Q: What role do farmers markets play on the issue of sustainability?
A: Sometimes we hear criticism that because our growers are operating at such small scales, it's actually less environmentally friendly to shop locally than to purchase items shipped in at scale from Florida, Arizona or California. Many of our farmers — especially farmers of color — do not have long-term ownership or guaranteed access to the land they farm. Renting year-to-year makes organic certification almost impossible. Much of the labor on these farms is done by hand, instead of by tractors fueled by gasoline and oil. Our livestock farms are more likely to incorporate permaculture or pasture-based systems, and the small scale of the herds and flocks involved means that both the humans and the farm animals are healthier.
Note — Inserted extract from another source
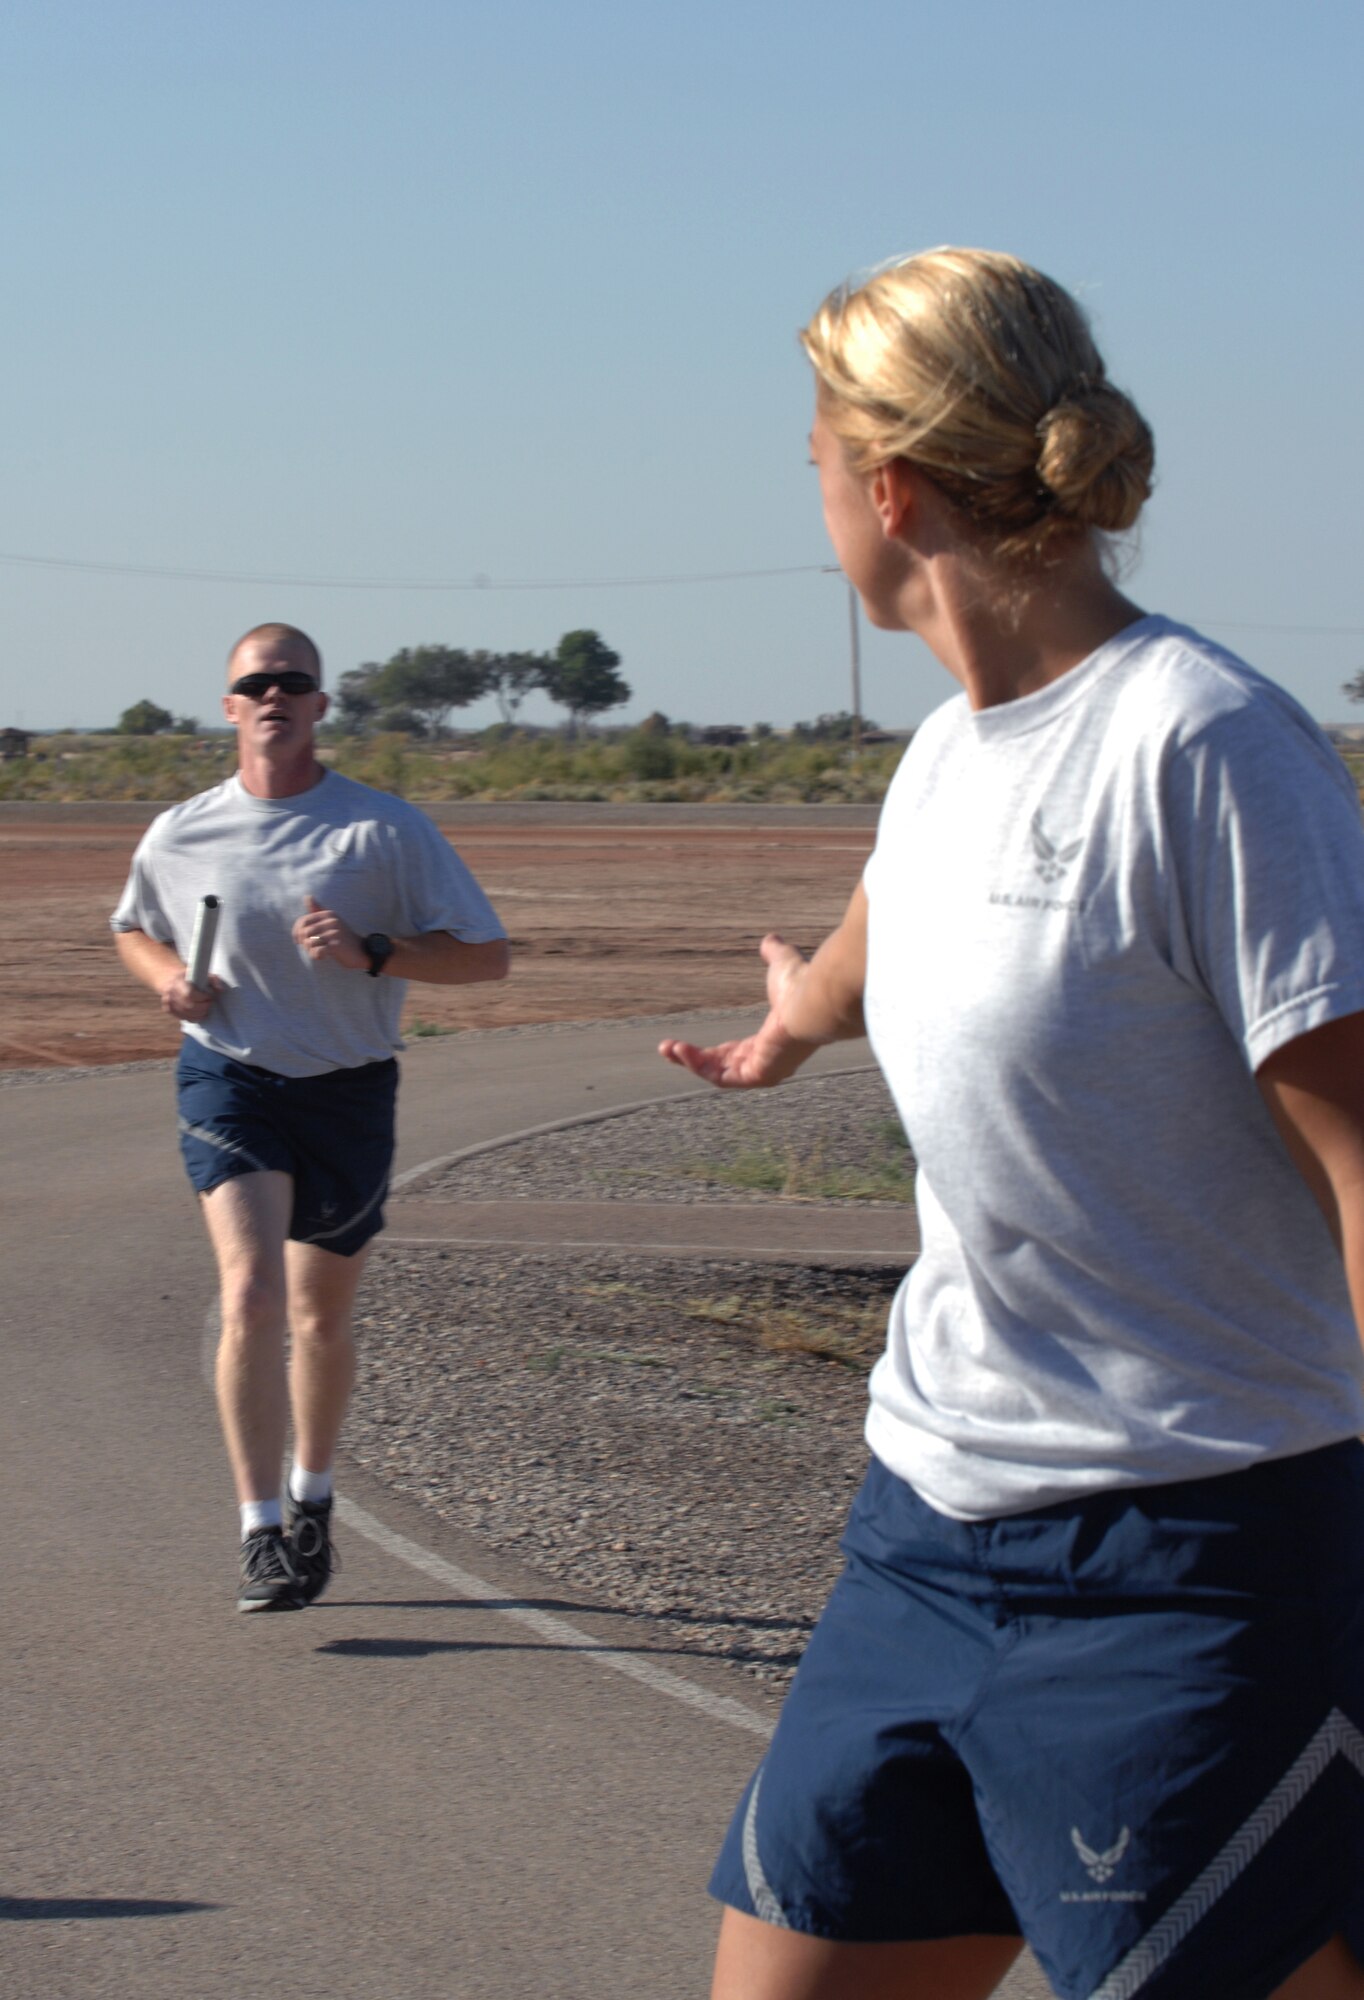 Tech. Sgt. Brady McCoy, 49th Security Forces Squadron, finishes up his run and prepares to hand off the baton to Tech. Sgt. Heather Huckins, also 49th SFS, during the three-mile-relay on Sports Day at Holloman Air Force Base, N.M., October 10. (U.S. Air Force photo/Airman Sondra M. Escutia)

By shopping the farmers market, eaters can actually preserve what's left of our diversified farm economy, and we'll continue to have a backup plan when international hackers attack the meatpacking sector, or policymakers restrict the labor pool for industrial farms.
Q: What's the future of farmers markets?
A: It's going to get more difficult to recruit farmers. We're facing a wave of retirements of our Hmong farmers, who have been the backbone of the Twin Cities farmers market community for decades. Markets are managed better every year, but we're still hitting just a tiny portion of the overall community food budget. Only 3 to 5 percent of people living in Minnesota will attend a farmers market this year. We need to help people realize that this is a great way to shop.